An advertising security agency, Confient, has found a slew of malicious activities involving distributed wallet apps, allowing hackers to steal private seeds and acquire users’ funds through backdoor fraudulent wallets. Apps are distributed through cloning of legitimate sites, making it appear that the user is downloading an original app.
Malicious cluster targets Web3-enabled wallets like MetaMask
Hackers are becoming more and more creative when it comes to engineering attacks to take advantage of cryptocurrency users. Confident, a company dedicated to investigating the quality of ads and security threats to Internet users, has warned about a new type of attack affecting users of popular Web3 wallets such as MetaMask and Coinbase Wallet. .
The cluster, which was identified as “Seaflower”, was qualified by Confident as one of the most sophisticated attacks of its kind. The report states that ordinary users cannot detect these apps, as they are identical to the native app, but have a different codebase that allows hackers to steal the wallet’s seed phrases, giving them access to funds. Meets.
Delivery and recommendations
The report found that these apps are mostly distributed outside of regular app stores, through links found by users in search engines such as Baidu.
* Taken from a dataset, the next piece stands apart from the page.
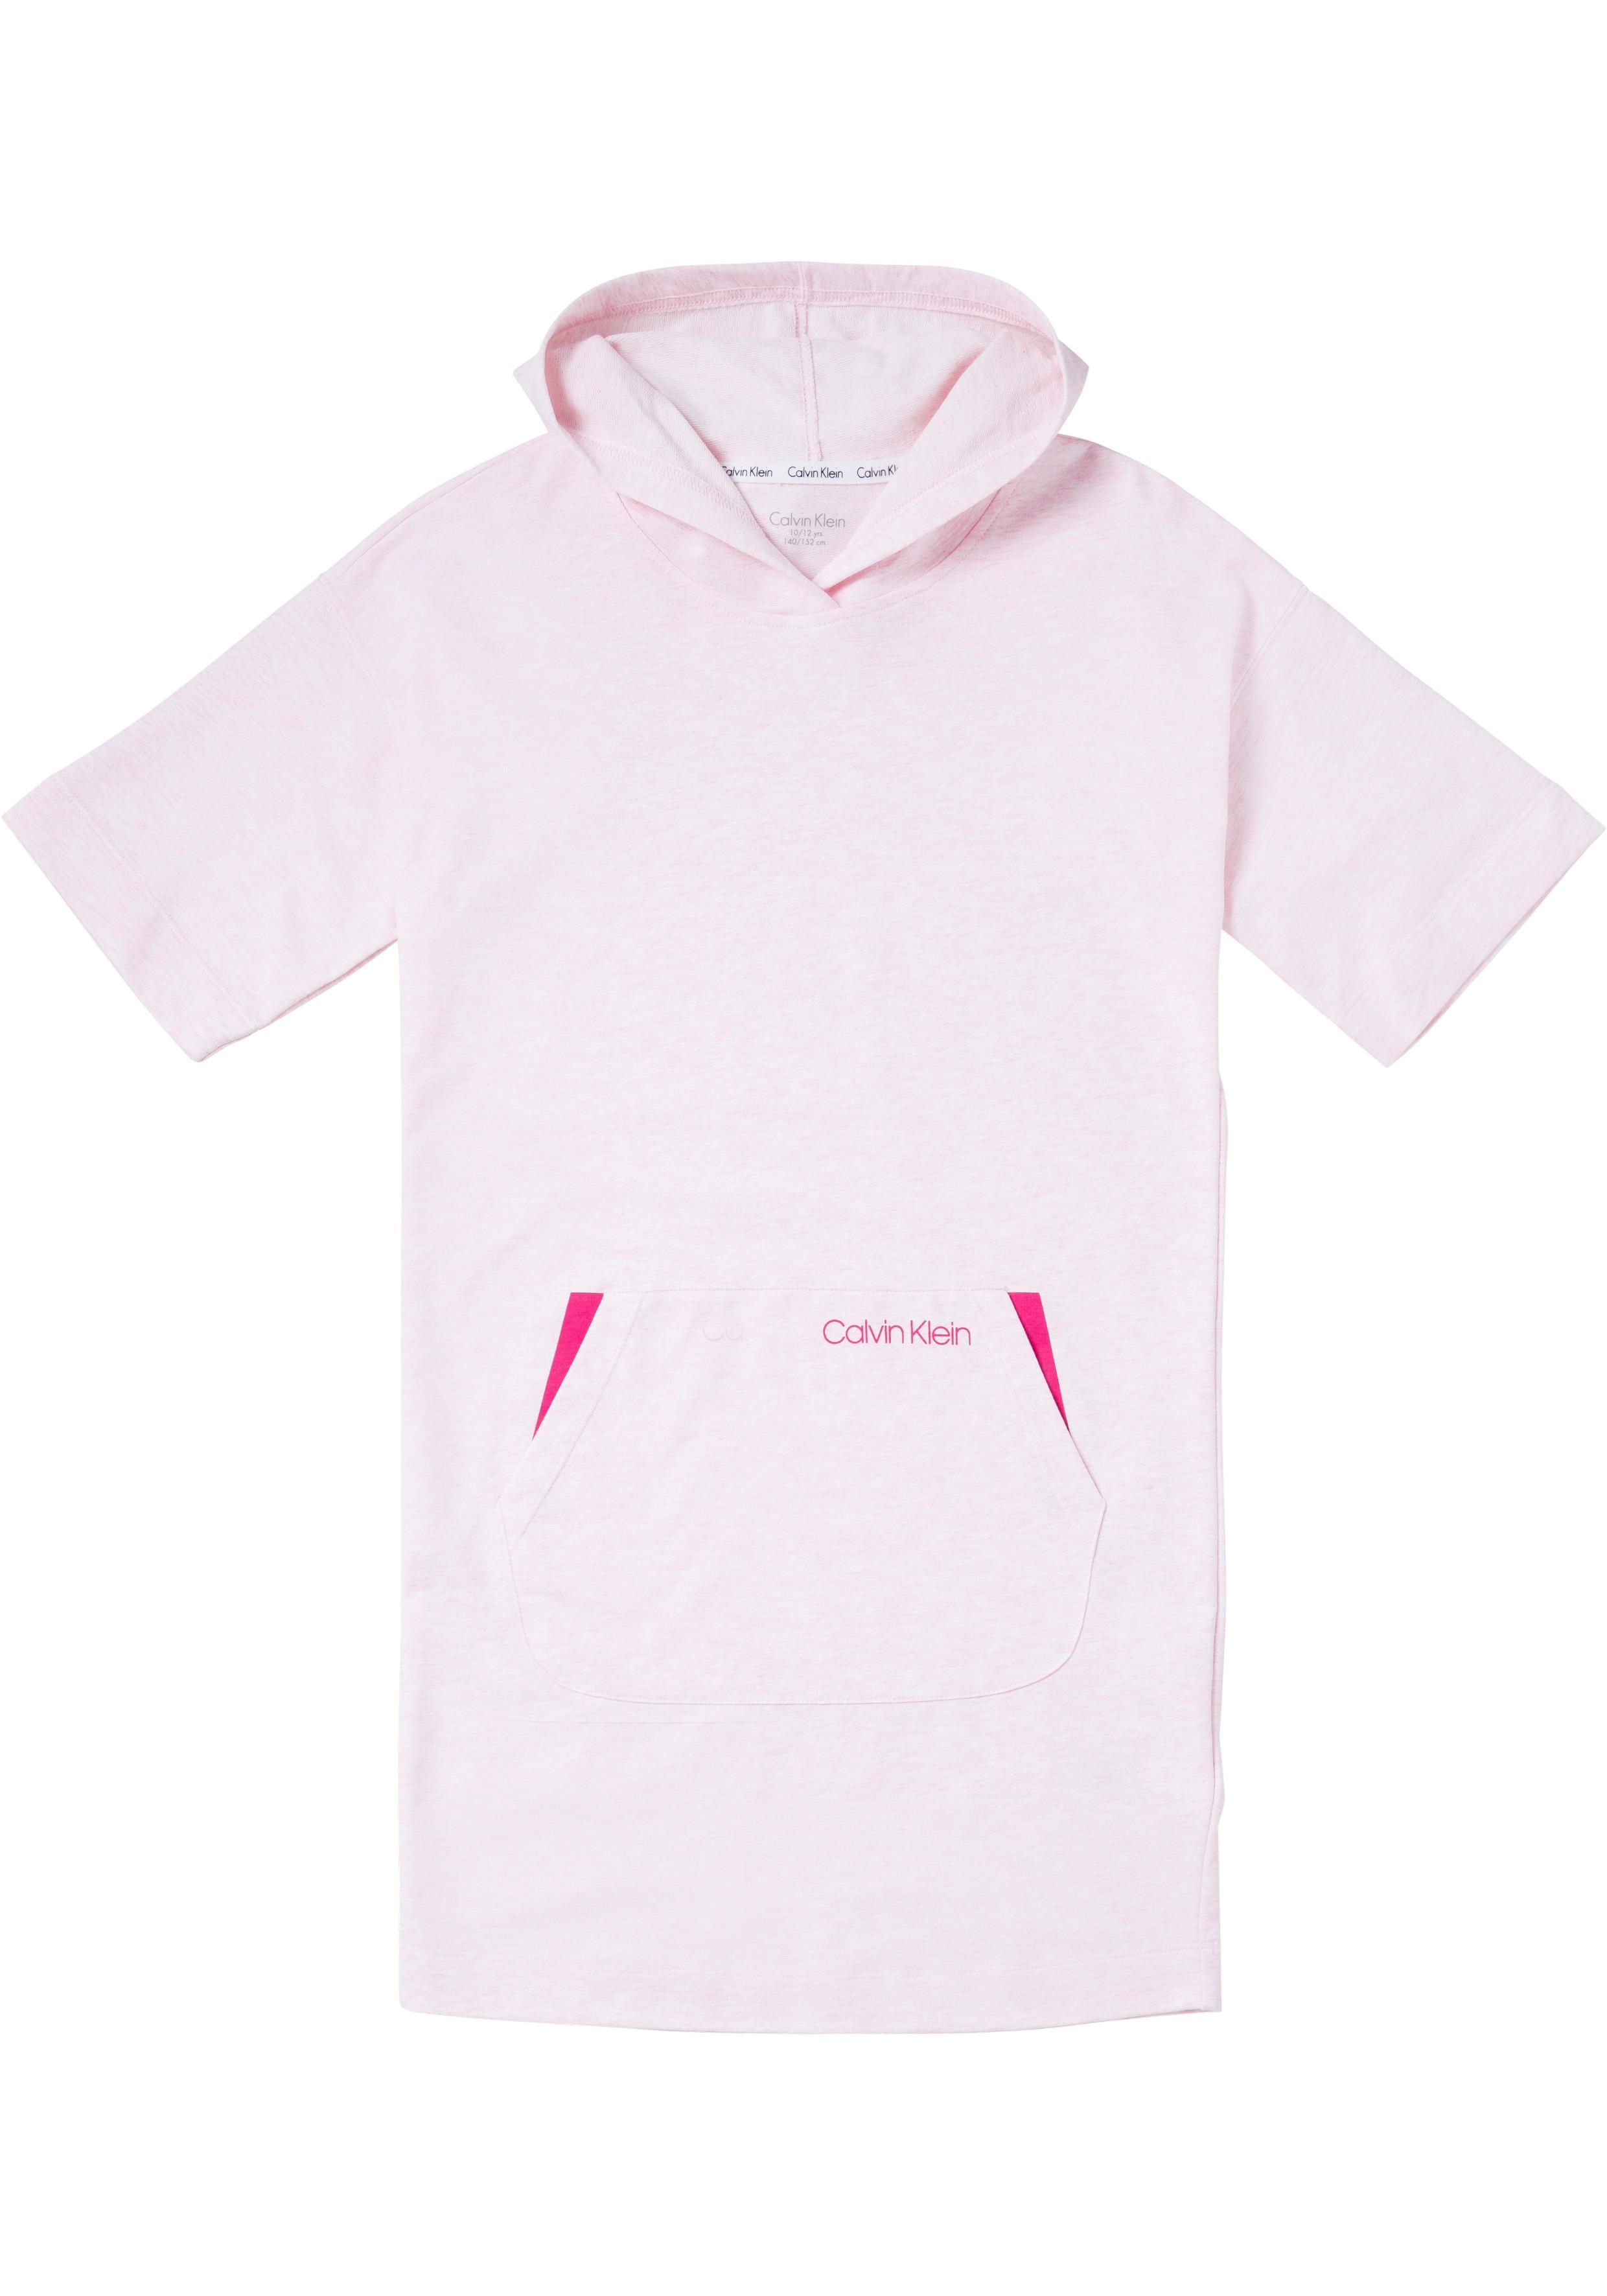 Calvin Klein Shirtkleid MODERN COTTON für Mädchen
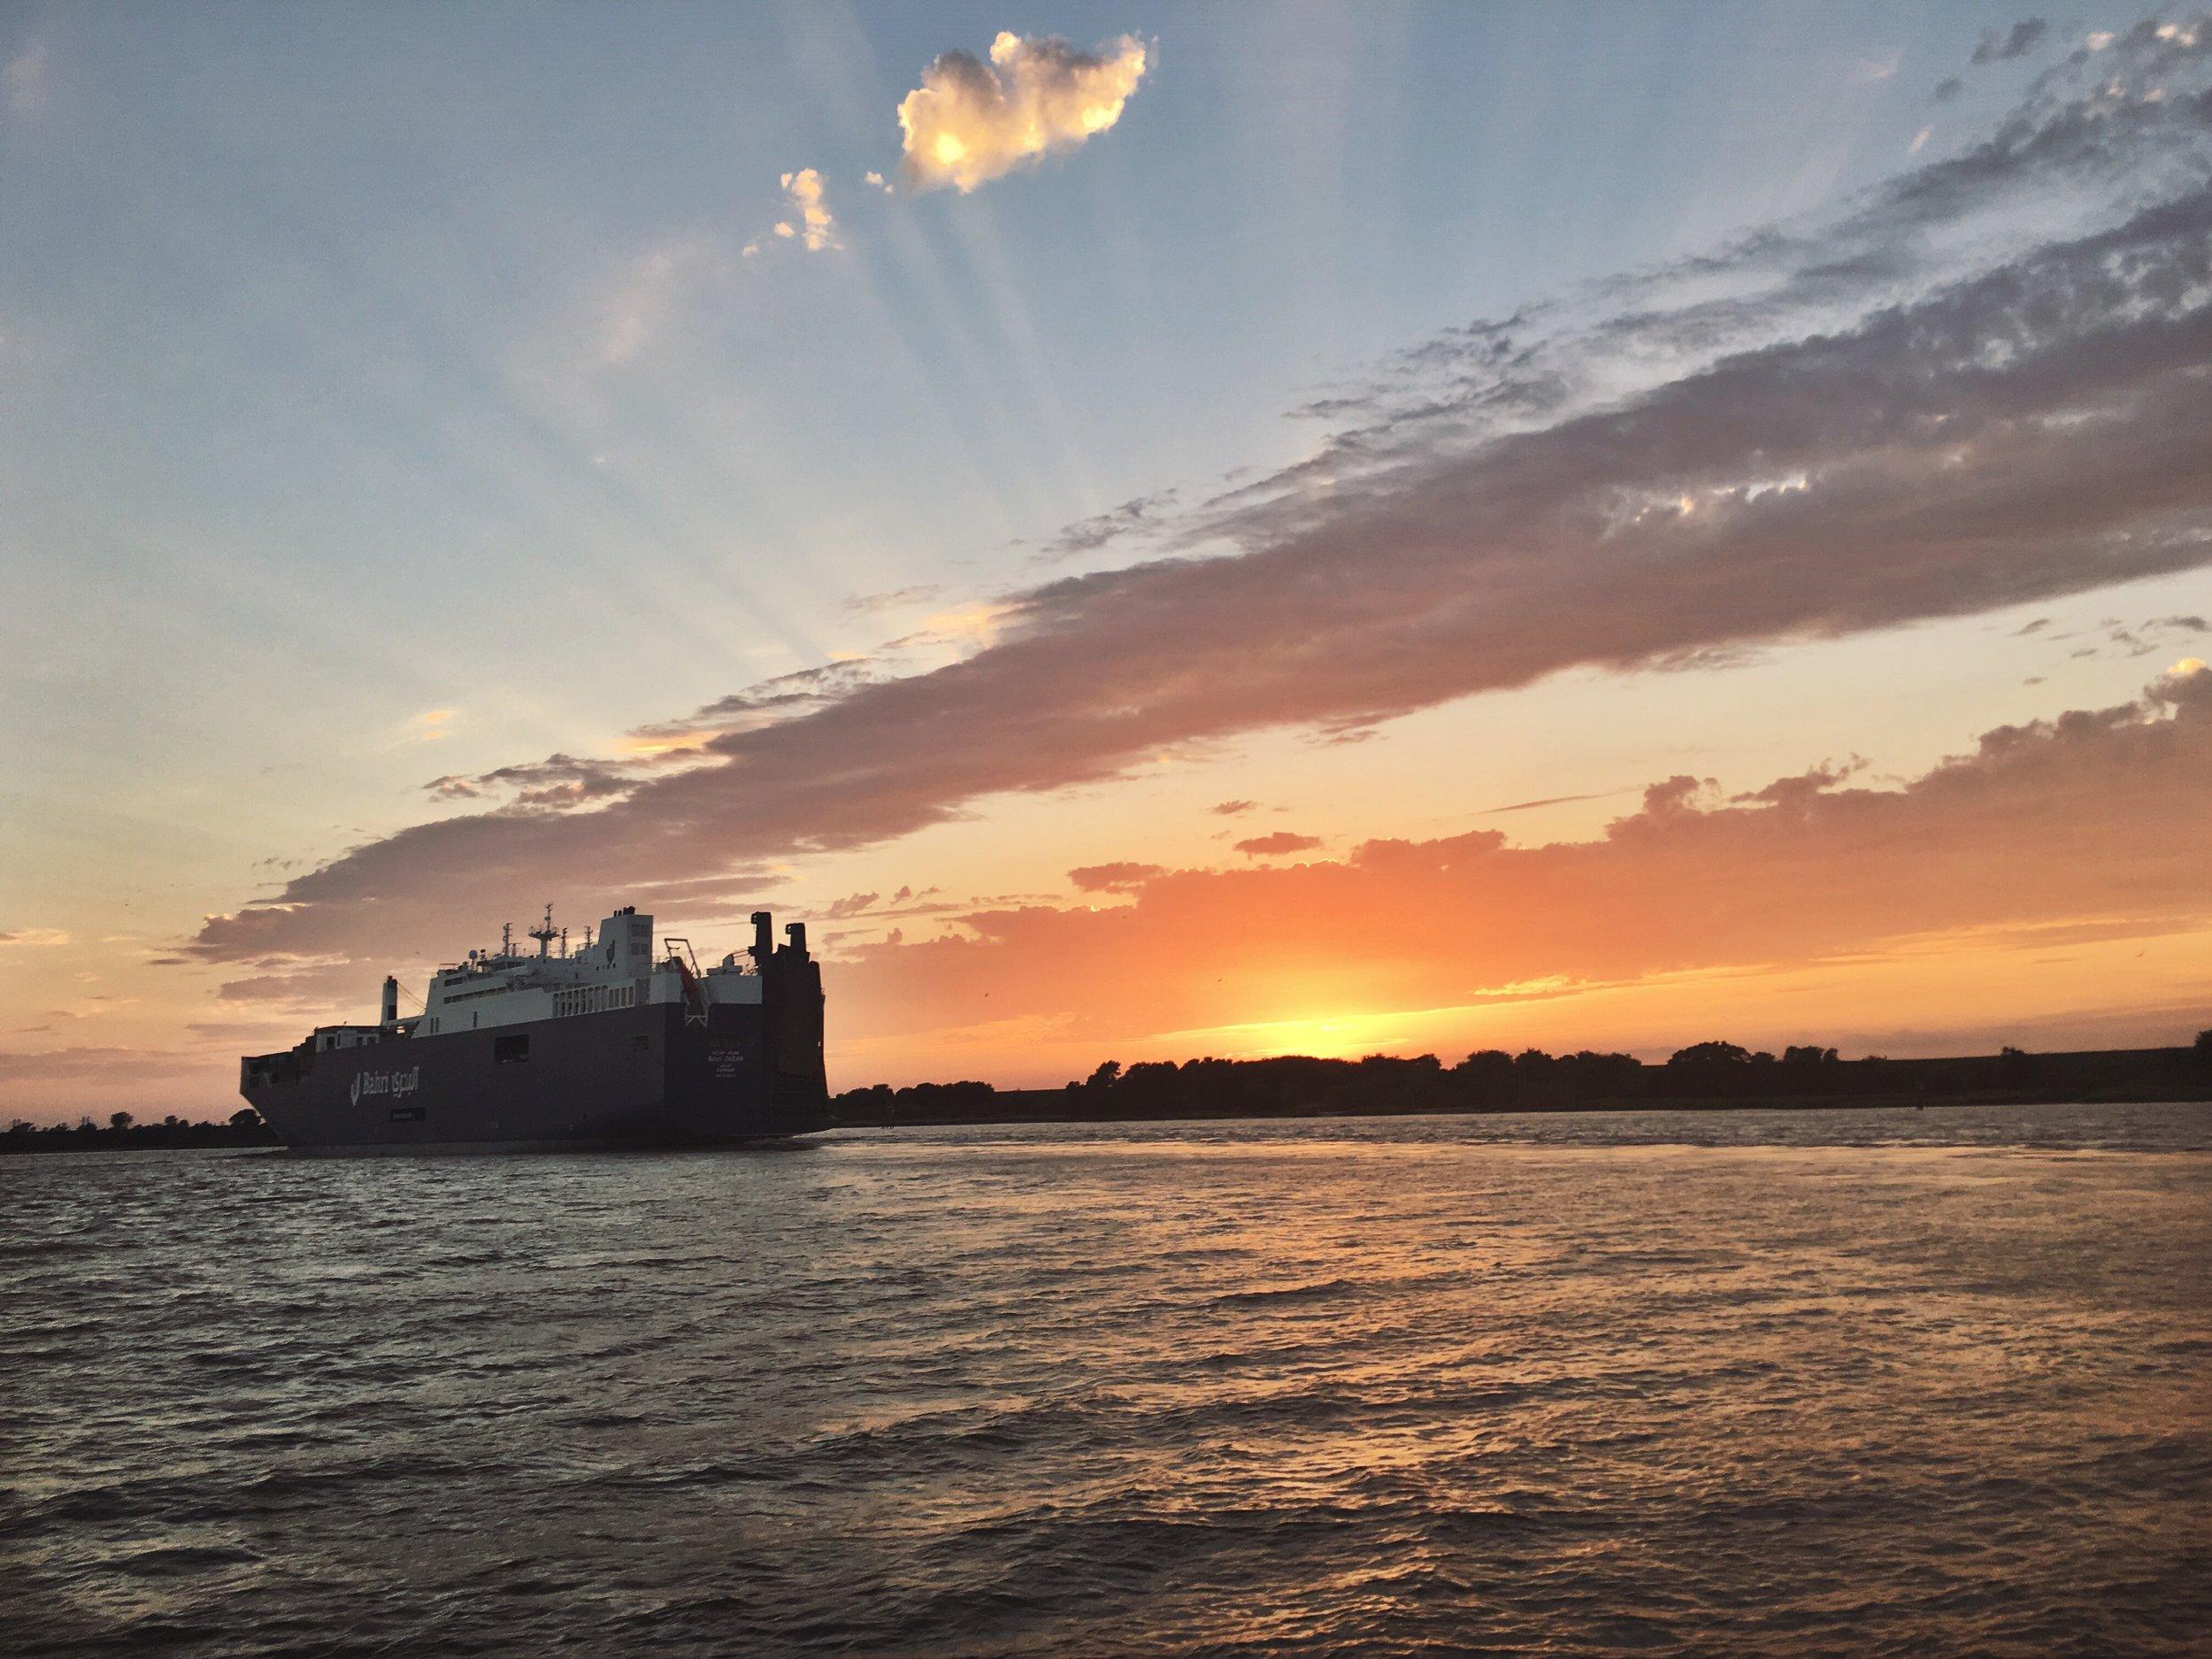 Sunset cruise in Savannah

Investigators say the cluster must be of Chinese origin because of the languages in which code comments are written, and other elements such as the location of the infrastructure and the services used.
Links from these apps reach popular places in search sites due to the intelligent operation of SEO optimization, allowing them to rank higher and giving users the confidence that they are reaching the real site. The sophistication in these apps comes down to the way the code is hidden, which tells a lot about how the system works.
The backdoor app sends seed phrases to a remote location at the same time as it is being built, and this is the main attack vector for MetaMask fraudsters. For other wallets, Seaflower also uses a similar attack vector.
There are several recommendations made by experts when it comes to keeping purses safe in devices. These backdoor applications are only being distributed outside of the App Store, so Confident advises users to always try to install these apps on Android and iOS from the official store.
What do you think about backdoor MetaMask and Web3 Wallet? Tell us in the comments section below.
image credit:shutterstock, pixabay, wikicommons, photo_gonzo
Disclaimer: This article is for informational purposes only. It is not a direct offer or solicitation or recommendation or endorsement of an offer to buy or sell any products, services, or companies. Bitcoin.com does not provide investment, tax, legal, or accounting advice. Neither the Company nor the author is responsible, directly or indirectly, for any damage or loss alleged to be caused by or in connection with the use or reliance on any content, goods or services mentioned in this article.